Afgelopen woensdag was ik niet op zoek naar geluk. Maar kennelijk had ik toch wat spullen verplaatst.

De dag begint wat minder. Ik verslaap me. Dat betekent haastig wassen, aankleden, niet-op-de-fiets-maar-met-de-auto (jammer want het is schitterend weer) en niet ontbijten met het krantje. Dat klinkt niet goed. Maar, wordt vervolgd. Op het werk ben ik ruim op tijd (want met de auto) voor een wekelijkse vergadering met de managers. Deze bijeenkomst is inspirerend, zinvol en wordt uitstekend voorgezeten. Iedereen luistert. Stelt goede vragen. Gezamenlijk zoekt men naar antwoorden. Er wordt gelachen. Moment nummer een.

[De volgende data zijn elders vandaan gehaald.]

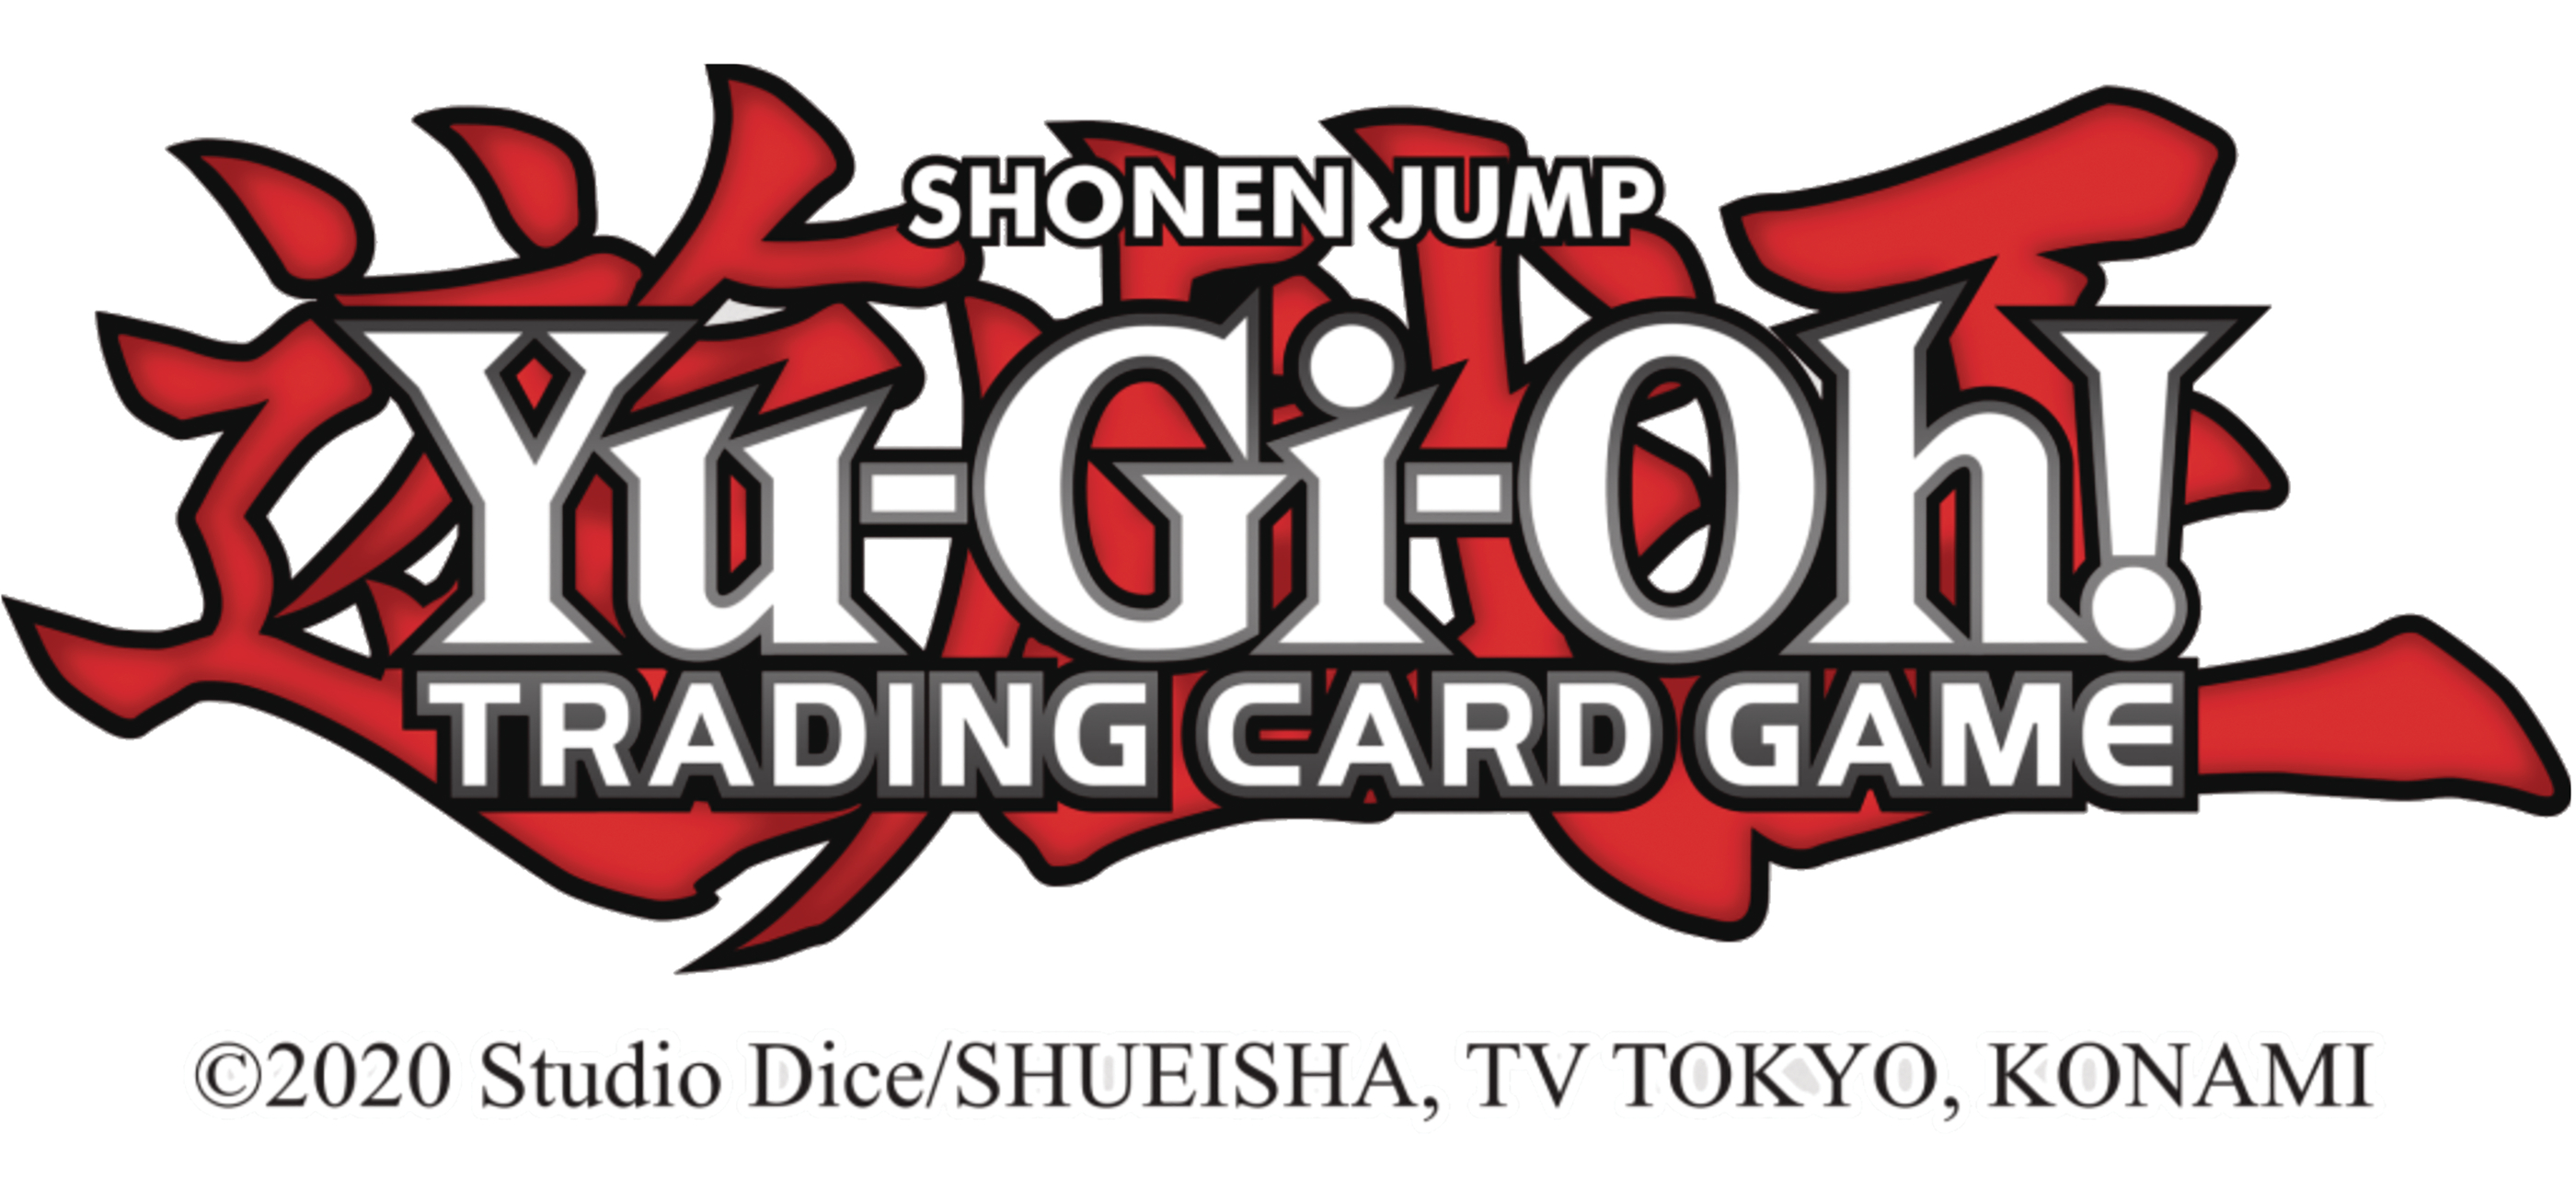 Yu-Gi-Oh! TCG Elemental Hero Card Case
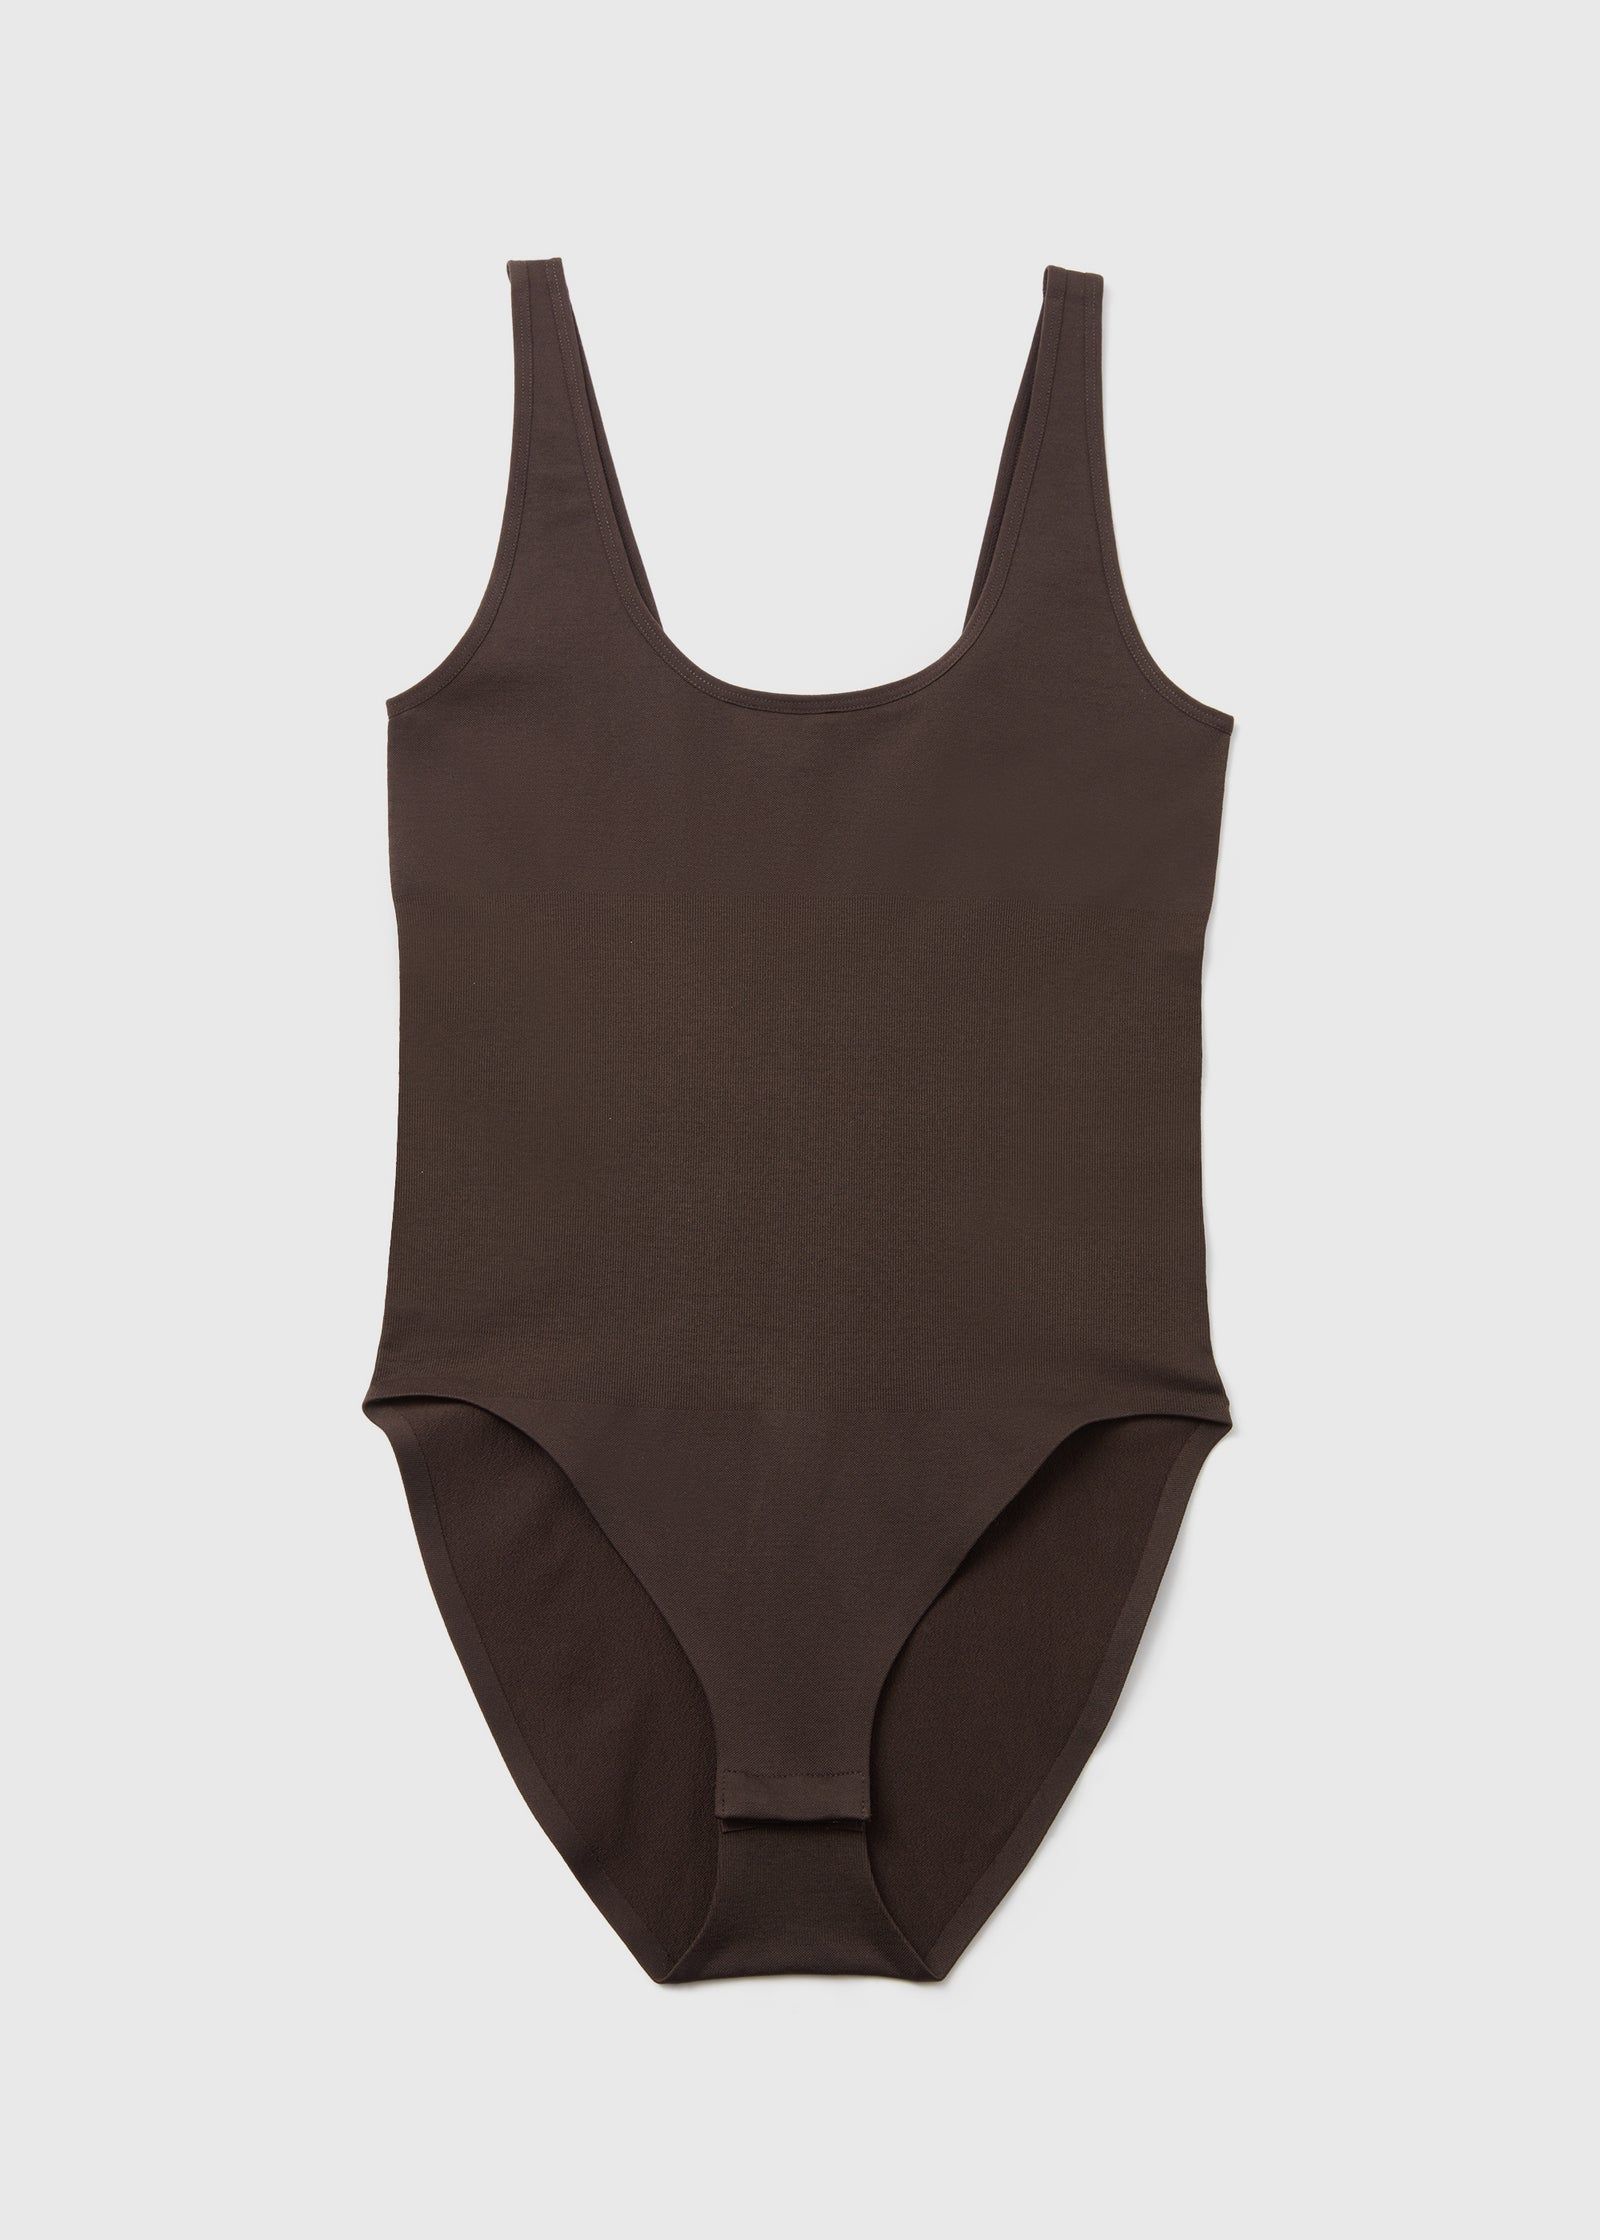 Buy Brown Seamless Smoothing Bodysuit in Bahrain - bfab

Vervolgens schrijf ik teksten voor de jaarlijkse begroting, die vlot uit de pen rollen. Nummer twee. Klein, maar fijn.

Een kopje koffie met collega C. die mij zegt: ‘als je een boek schrijft, dan ben ik de eerste die het koopt!’ doet mij zwevend de twee trappen oplopen naar mijn werkplek. Het derde geluksmoment. Ik tel mijn zegeningen. Ook al schrijf ik misschien nooit dat boek.

Voordat ik naar huis ga rijd ik langs bij een lieve oud-collega, die ziek is, maar vast beter wordt. Met een bos prachtige zonnebloemen bel ik aan. Helaas is ze niet thuis. Ik neem de bos mee, maak een foto ervan en stuur een mail-met-foto naar haar toe. Prompt krijg ik een berichtje terug. Graag ontvangt ze de bos. De dag erop breng ik deze alsnog langs. Op de een of andere manier is dit een moeilijk uit te leggen moment. Heeft het te maken met geven en krijgen? Ik weet het niet, maar het voelt goed.

‘s Avonds culmineert het geluk in een mooie skeelertocht in Spaarnwoude met mijn dochter. Sappige weilanden met bruine koeien. Lodderig kijken ze ons aan. Een oranje zonnetje, een groot, voorbijvarend schip vaart op wonderlijk-gelijke hoogte aan ons voorbij. Al babbelend leggen we meer dan 8 kilometer af. We verdwalen, maar lachen erom.

Daarna hebben we honger en belanden we in een Italiaans restaurantje. Eenvoudig, maar altijd goed voor een klein hapje. De nieuwe Italiaanse eigenaar vertelt over de kaart met dagverse specialiteiten. Een goddelijk menu volgt. Ik kan mij niet herinneren ooit zo goed Italiaans te hebben gegeten. Misschien op onze huwelijksreis ooit in Rome, inmiddels 21 jaar geleden? (Dat was ook een gelukkige dag, die huwelijksdag: vrienden, familie, zon, feest, plezier, heerlijk eten, muziek, zingende tantes en liefde, heel veel liefde!)

Misschien ga ik toch maar weer voor de klas staan. Ik vertel het ze wel, de kindertjes: geluk, het komt en soms gaat het. Maar als het komt is het wonderschoon. Inspiratie, vriendschap en liefde: dat zijn de geluksdragers. Verzet regelmatig je spulletjes en tuur in de hoekjes. Ze liggen er. Echt.